### Exercise instructions
Would you please transcribe the data in full and exactly, excluding images?

### Supplied material
○ ○ ○
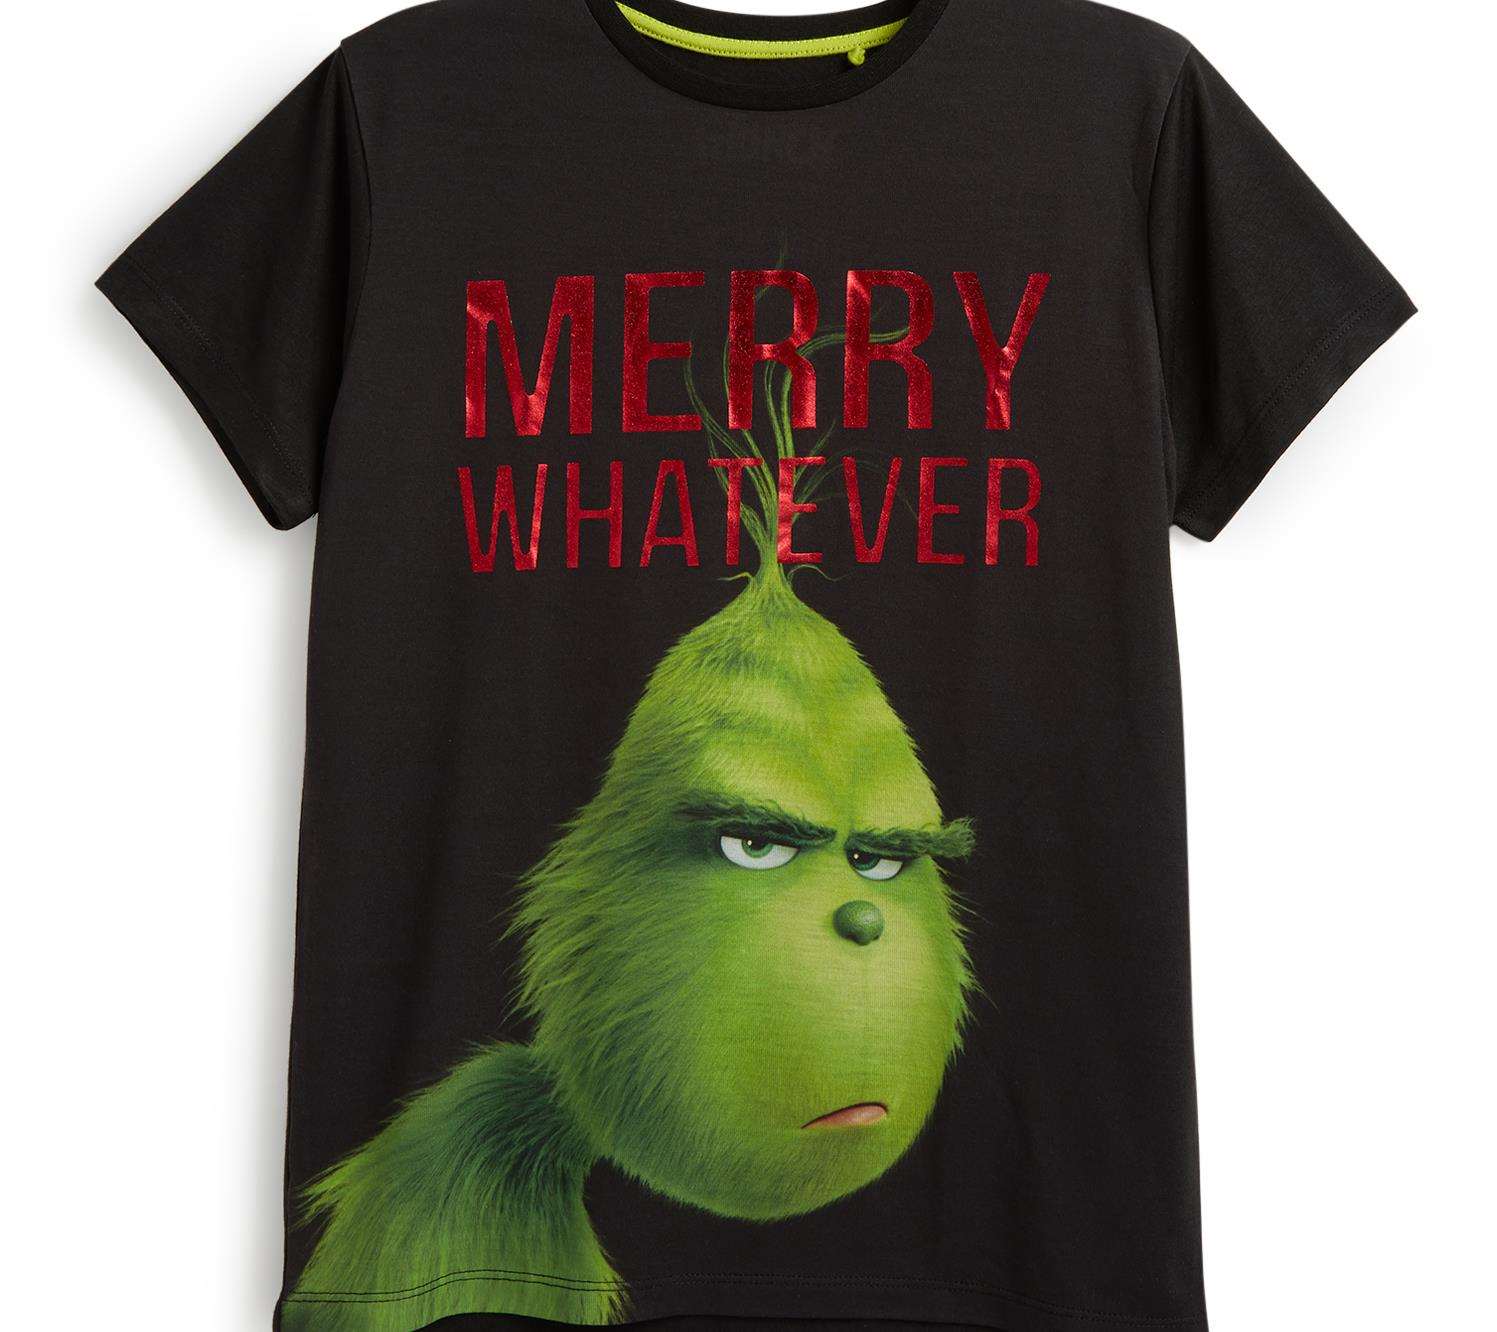 Wish someone a Merry Whatever - kids t-shirt £5 from Primark
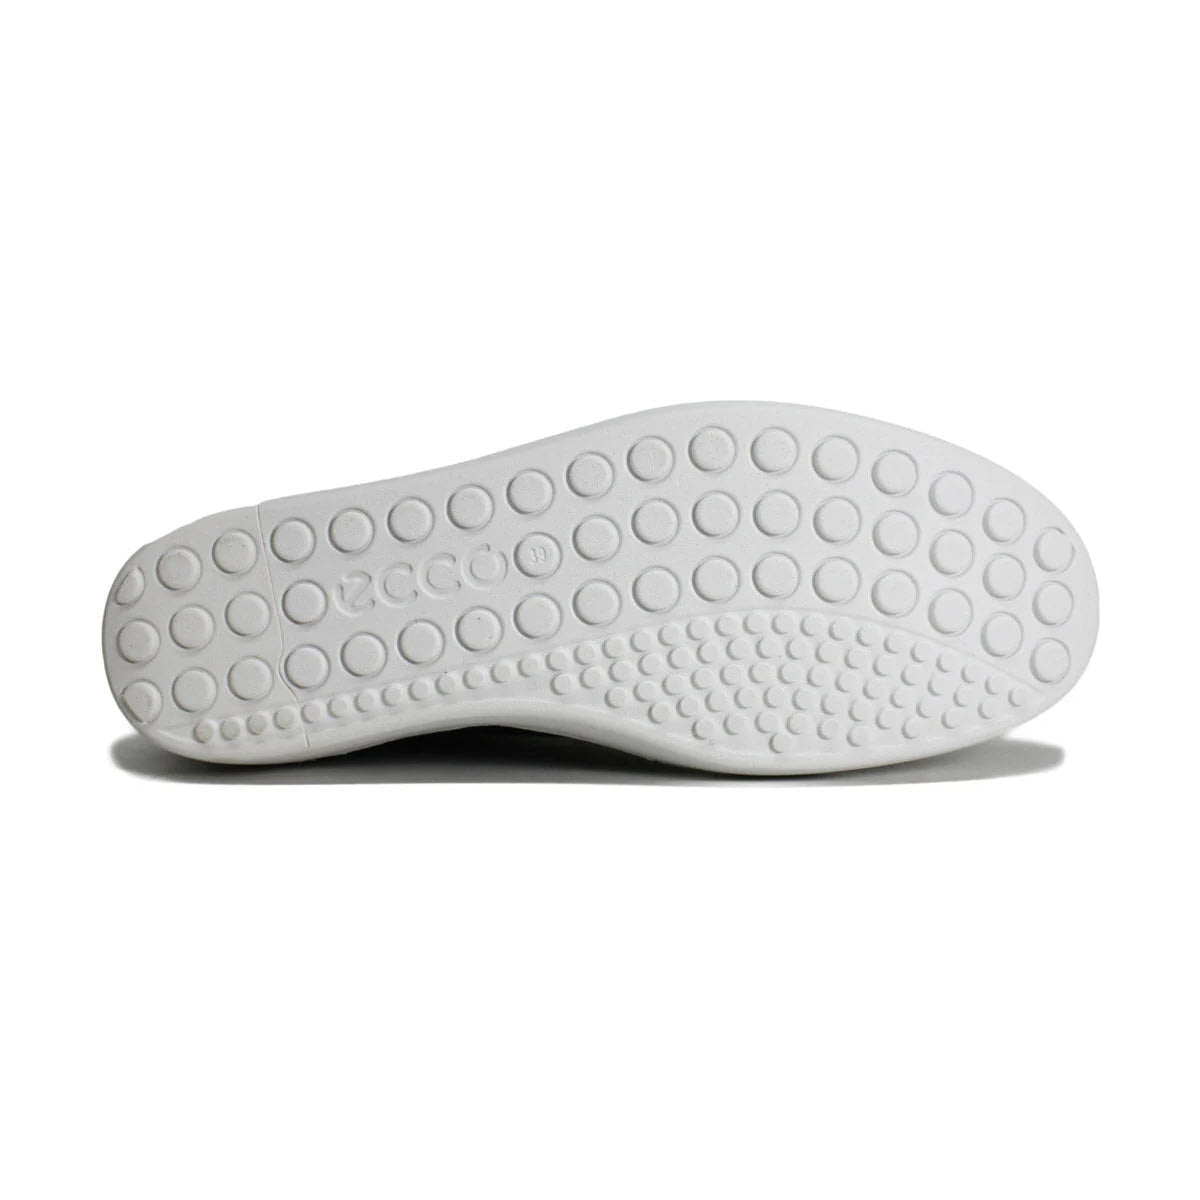 White ECCO Soft 60 sneaker sole with circular tread patterns and a padded footbed, isolated on a white background.
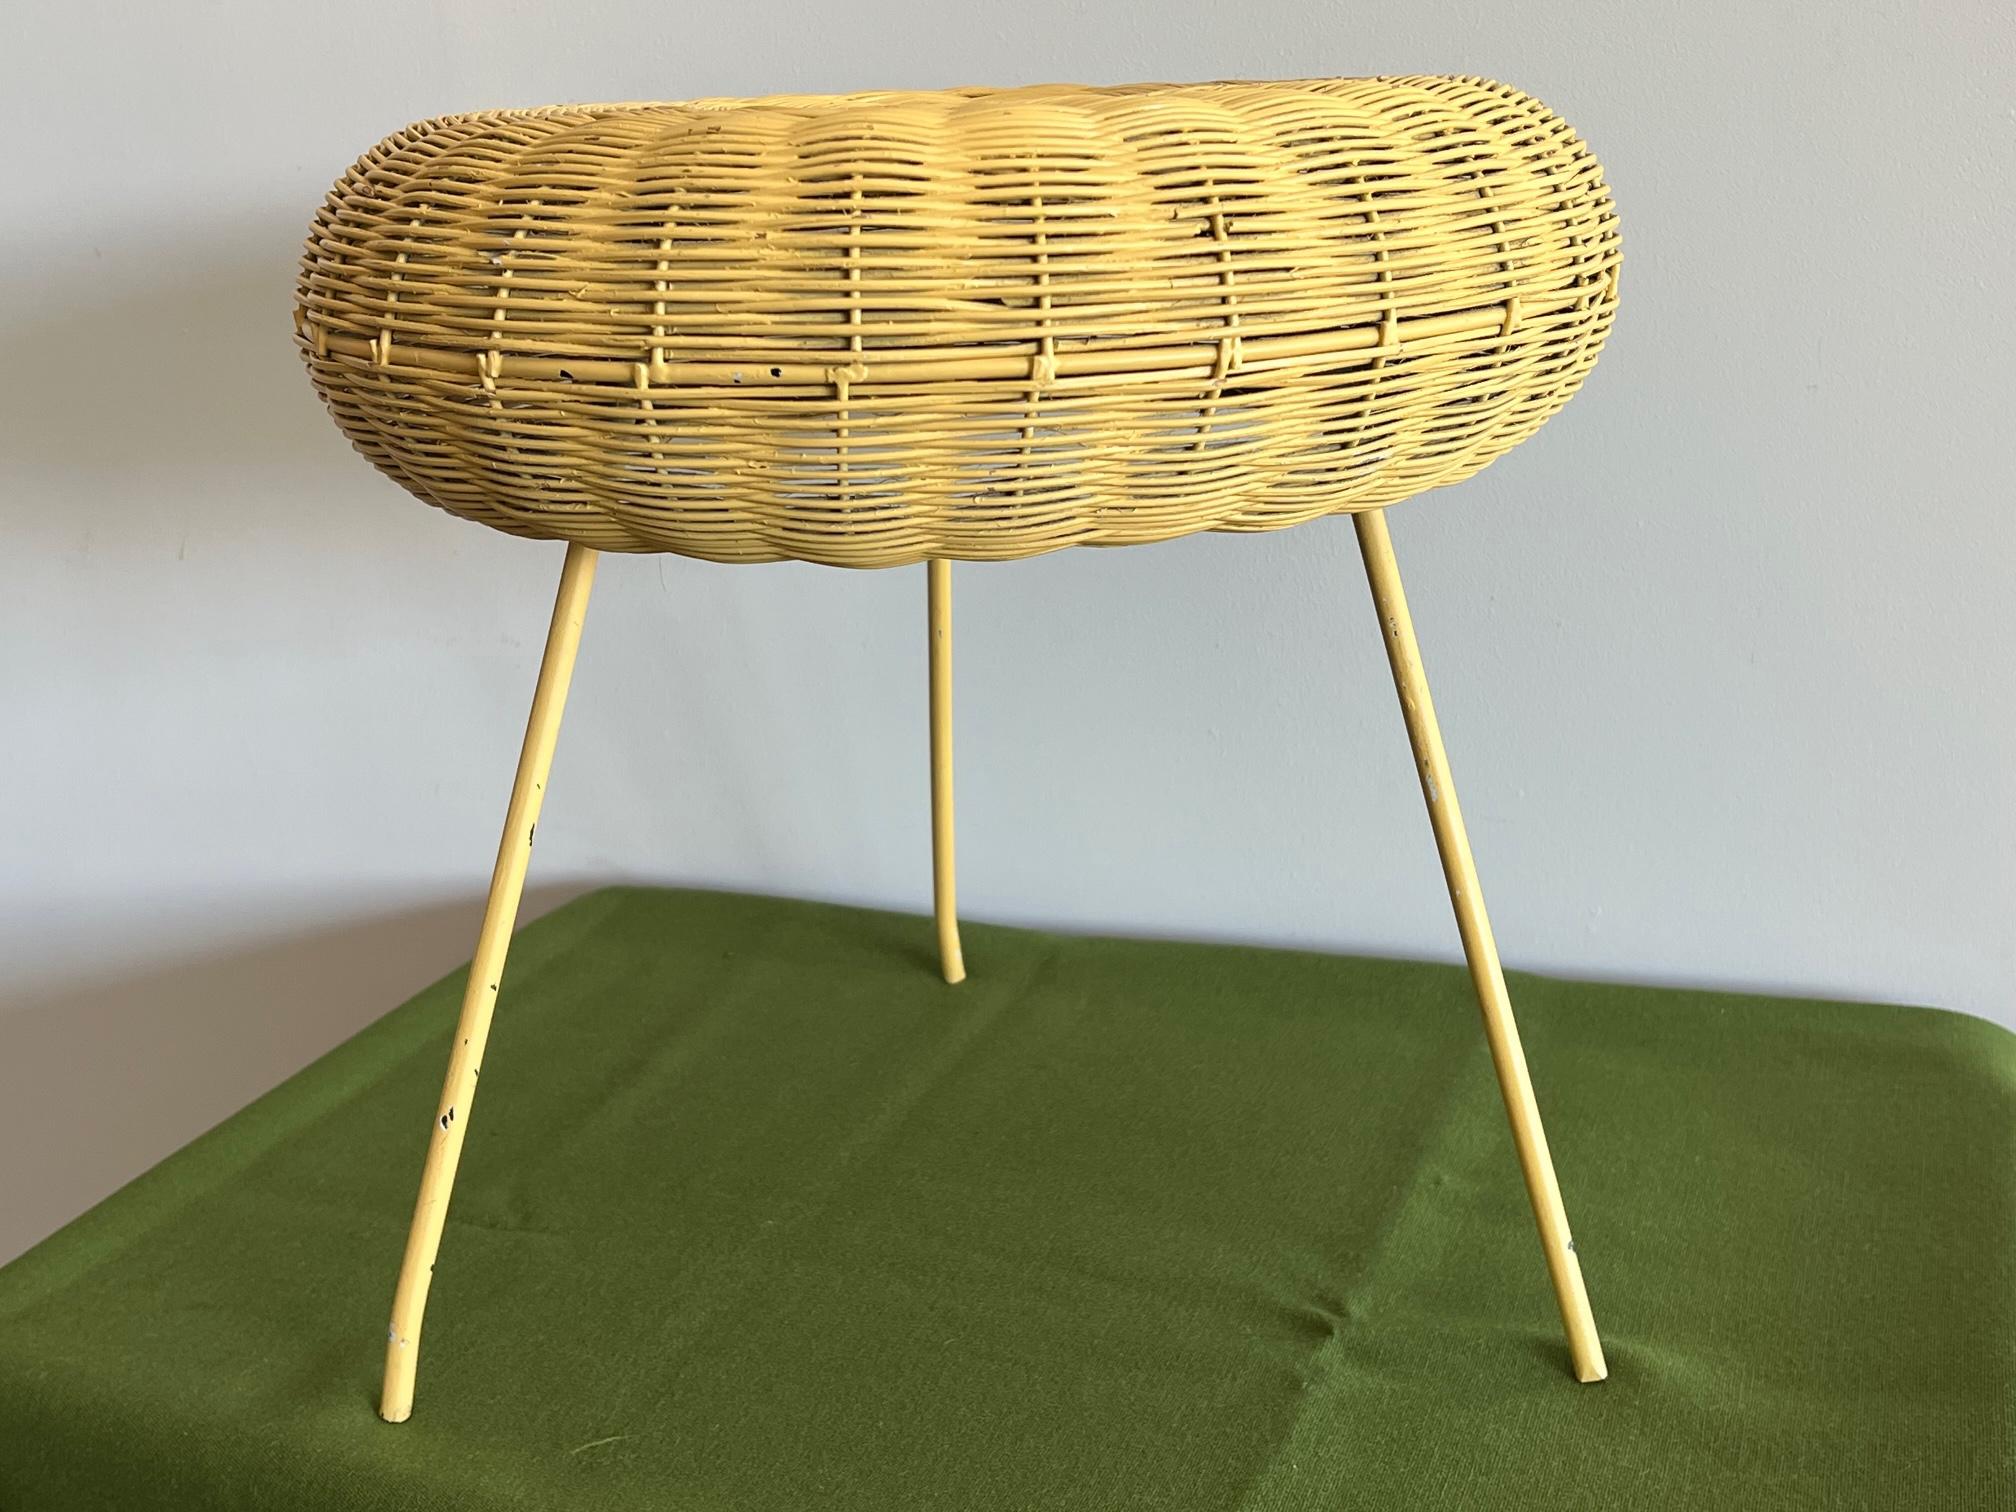 Two Vintage Wicker Stools For Sale 1
○ ○ ○
### Answer to the problem
 Wish someone a Merry Whatever - kids t-shirt £5 from Primark
 White ECCO Soft 60 sneaker sole with circular tread patterns and a padded footbed, isolated on a white background.
 Two Vintage Wicker Stools For Sale 1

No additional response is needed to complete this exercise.